Everything was copacetic when I left work to head to a chiropractors appointment. Found out I may have a slight tear in my meniscus in my left knee. Not so copacetic. That a bump from a hematoma on my ass in June will likely have calcified and be solid forever. Not so copacetic. It’s the one part of my body that I used to feel like crap about and then was starting to come around to. Vain, vain little creature.

The glovebox is the new fridge. For crazy people.

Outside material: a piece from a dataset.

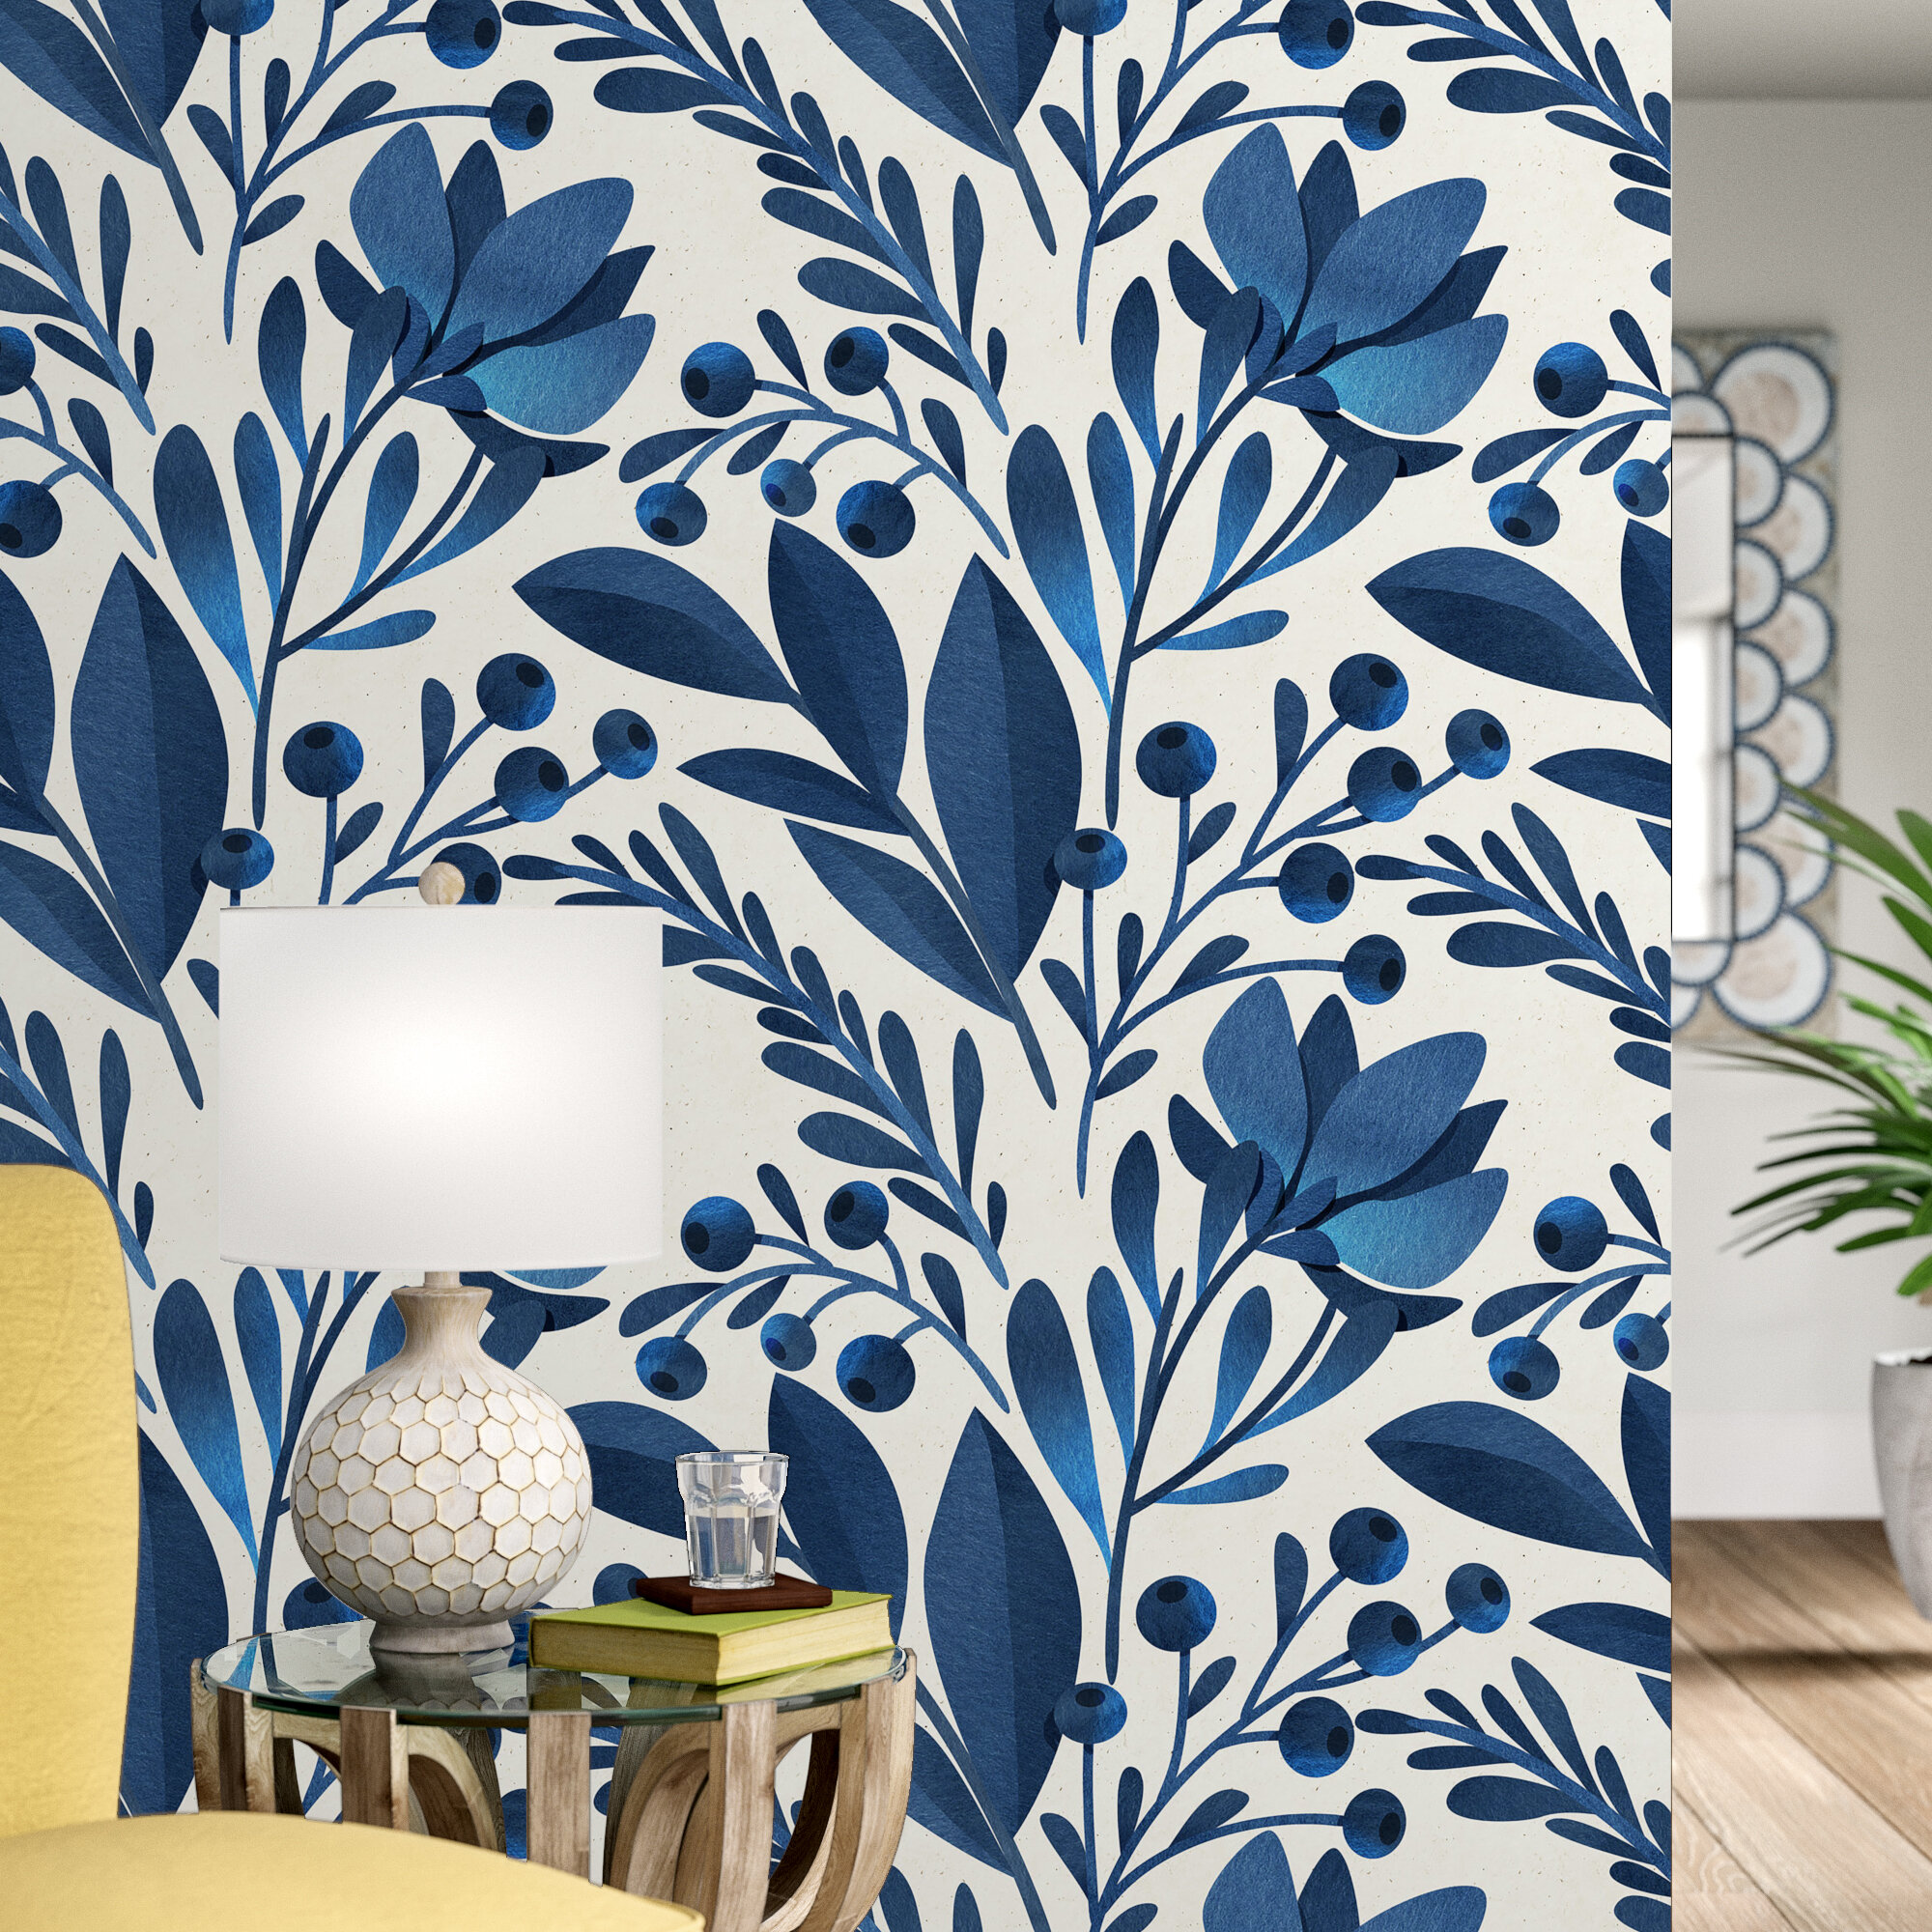  3D Blue Flowers 1387 Wall Paper Print Decal Deco Wall Mural  Self-Adhesive Wallpaper AJ US Lv (Woven Paper (Need Glue), 【 82”x58”】  208x146cm(WxH)) : Tools & Home Improvement

Going to IKEA with Denny to buy a new bed and frame with cold, hard cash in hand? Fucking awesome. We didn’t plan well(see previous post) and ended up tying the bed to the car with about 10 pieces of twine from the stash IKEA gives out at the loading zone. Also add in me sitting in the back seat since we’d laid the front seat down to fit the frame, and, concerned that the twine would be cut by closing the door on it after a test run, had all the windows down and twine running through them. I would like to note that without Denny’s awesome knot skills, we would have been fucked royally.

It took almost everything I had, and then Denny helping back me up, to not say screw it to this challenge for one night. I had eaten my lunch at 12:30, my gas tank was running empty starting at 4:00, and it was now 7:00 All I wanted was to pull into the nearest restaurant and grab an appetizer, fries, anything to fill the void. I need food constantly. Denny calls me the Hummingbird because of how fast I metabolize my food and need more. My solution is going to be throwing snacks in the glovebox. I did this for a while in Durango until I got sick of my particular snacks. Time to bring it back, for sure.

After a 45 min drive from IKEA home, heat blasting, windows down, and both of us praying for light traffic on backroads, we jumped through the car windows and immediately chowed down on snacks at home. I don’t think I even let the dog out before opening a bag of potato chips leftover from another snack attack. After we got everything inside, Denny started putting the bed together and I headed to the store for Thanksgiving groceries and a frozen pizza.

Lesson learned: There must be snacks in the glovebox at all times.